Laura Marie Schons is Assistant Professor of Corporate Social Responsibility at the University of Mannheim. Her research interests focus on employee and consumer reactions to corporate social responsibility (CSR), CSR management, CSR communication, as well as innovative pricing mechanisms and business models. Her work has been published in renowned academic journals. Before taking over the Chair of Corporate Social Responsibility at the University of Mannheim, she worked as a postdoctoral researcher at the Sales and Marketing Department of the Ruhr University Bochum where she finished her doctoral thesis in 2011 (supervised by Prof. Jan Wieseke and Prof. Mario Rese). She studied economics and business management at Ruhr University Bochum and Udayana University Denpasar (Indonesia), and took additional courses in philosophy and social psychology in Bochum.
Sascha Alavi works as an Assistant Professor at the Sales & Marketing Department of the Ruhr-University of Bochum. In his research and teaching he focuses on the success factors of sales management, price enforcement and leadership. In particular, he is interested in price negotiations, sales promotions, and the selling of complex solutions. Regarding the topic of selling complex solutions, he is a project leader of an interdisciplinary special research area of the German Research Foundation. Sascha studied Business at the University of Mannheim and received his doctoral degree at the Sales & Marketing Department of the Ruhr-University of Bochum. His dissertation on the role of price management received several awards.

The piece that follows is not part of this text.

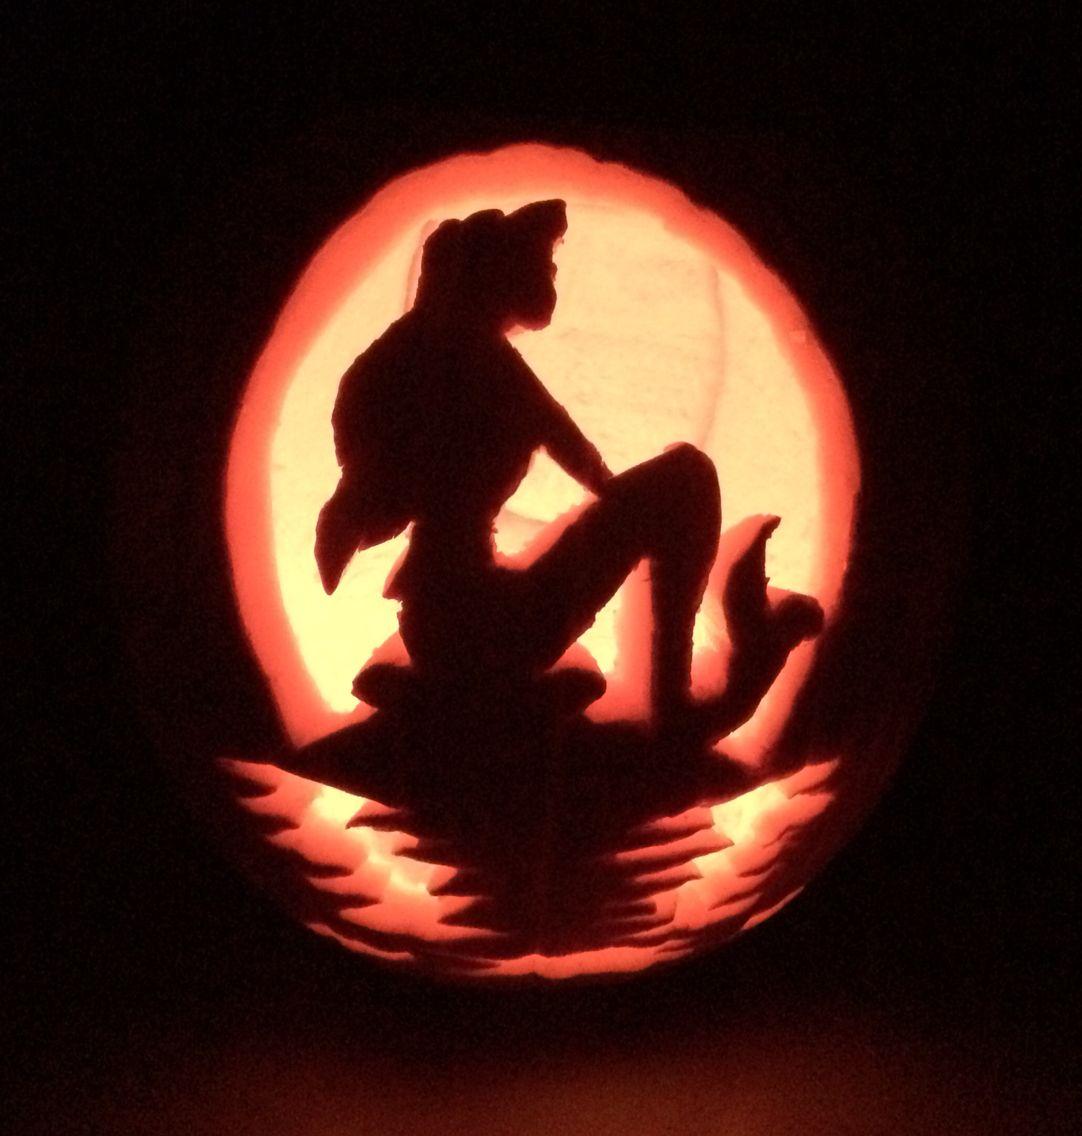 My Ariel Little Mermaid Disney Pumpkin Carving Project Such An

Jan Wieseke has held a Chair at the Sales and Marketing Department at Bochum University since 2008. Prior to this engagement, he completed his habilitation at the Department of Professor Christian Homburg at Mannheim University and his doctorate at the Department of Professor Michael Lingenfelder at Marburg University. He studied psychology at Marburg University. Jan is internationally recognized for his work in sales management, pricing, and organizational behavior. Currently considered to be one of the top 3 sales researchers globally, his work has been published in leading marketing journals, He also received offers of professorship for universities in Mannheim, Münster (both Germany), Leicestershire (UK), and Groningen (Netherlands).